A series of graphs and images related to MMP1 expression in cancer research. Panel A shows a bar graph of transcripts per million across various cancer types. Panel B depicts expression levels in tumor versus normal tissues. Panel C is a box plot of BRCA expression with statistical significance indicated. Panel D is a Kaplan-Meier survival curve comparing high and low MMP1 groups. Panel E displays immunohistochemistry images of normal and tumor tissues stained for MMP1. Panel F shows a line plot of relative mRNA expression levels. Panels G, H, and I present bar and line graphs measuring MMP1 mRNA and OD values over time in cell lines, with statistical annotations.

Expression analysis and experimental validation of MMP1. (A, B) Pan-cancer expression profile of MMP1. (C) Expression level of MMP1 in breast cancer samples. (D) Overall survival (OS) analysis of MMP1 in the TCGA breast cancer cohort. (E) Immunohistochemical analysis of MMP1 in breast cancer and adjacent normal tissues. (F) PCR validation in clinical samples showing high expression of MMP1 in breast cancer (BC). (G) Knockdown efficiency of MMP1 in HCC1806 and MDA-MB-231 cell lines. (H, I) CCK-8 assay demonstrating that MMP1 knockdown significantly reduces cell proliferation. ns, not significant; *, p < 0.05; **, p < 0.01; ***, p < 0.001.

3.10 Functional validation of MMP1

We conducted MMP1 knockdown experiments in MDA-MB-231 and HCC1806 cell lines, resulting in significant changes in MMP1 expression levels in both cell lines (Figure 9G). In CCK-8 assays, we observed a notable decrease in the proliferation activity of MDA-MB-231 and HCC1806 cells following MMP1 knockout compared to control cells (Figures 9H, I).
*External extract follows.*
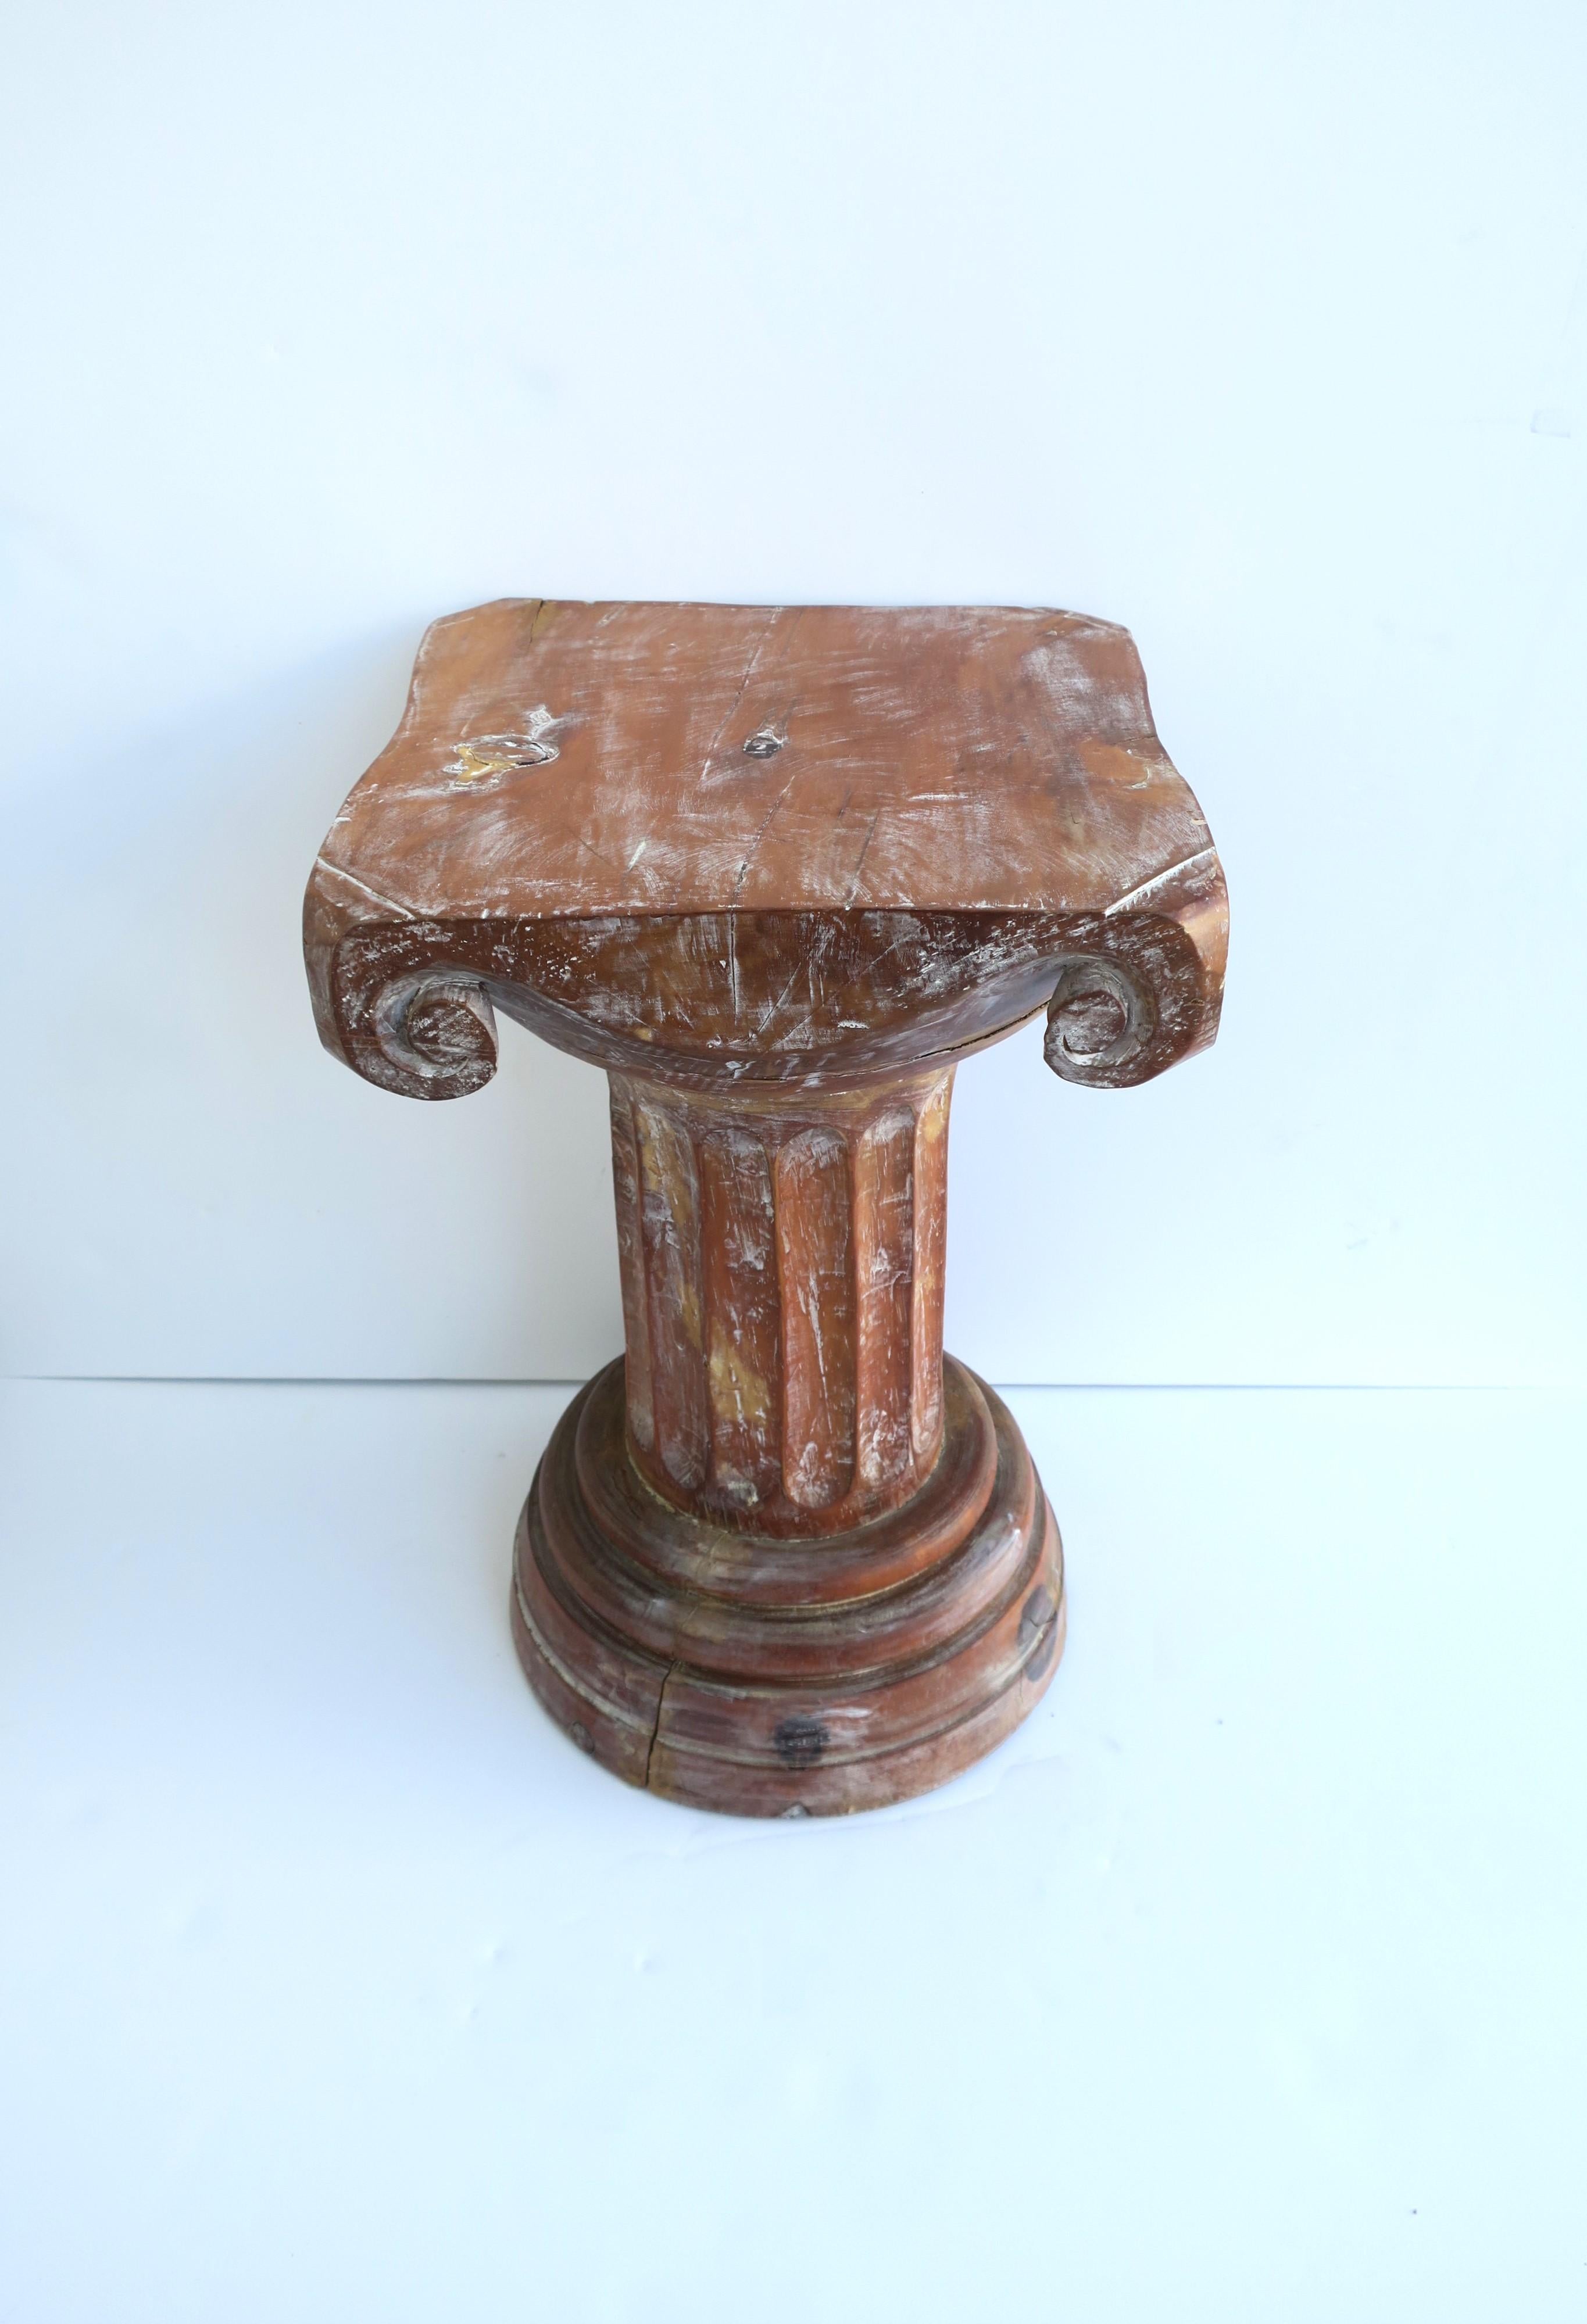 Wood Column Pedestal Table Neoclassical for Sculpture or Cocktail For Sale 3

To further validate the impact of MMP1 on BC cell proliferation, we performed colony formation assays, which indicated that MMP1 gene knockdown led to reduced colony number and size in both cell lines (Figures 10A, B). We then examined the impact of MMP1 on the migration and invasion of BC cells through wound healing and transwell assays. The findings revealed that the knockdown of MMP1 significantly reduced the migration and invasion capacities of these cancer cells (Figures 10C–G). In vivo experiments also showed that MMP1 knockdown inhibited tumor growth in mice compared to the control group, leading to reductions in tumor volume and weight (Figures 10H–J).

Figure 10

Graphical data illustrating research on HCC1806 and MDA-MB-231 cells showing various experiments. Charts (A, E, F) depict colony numbers, migration, and invasion data. Images (B, G) show cell morphology and assays with treatment groups (NC, Si-MMP1-1, Si-MMP1-2). Images (D) depict wound healing assays at 0 and 48 hours. Photo (H) displays tumor samples with a ruler for scale. Bar chart (I) compares tumor weights between control and sh-MMP1 groups. Line graph (J) shows tumor volume growth over 20 days comparing control and sh-MMP1. Statistical significance is indicated in the charts.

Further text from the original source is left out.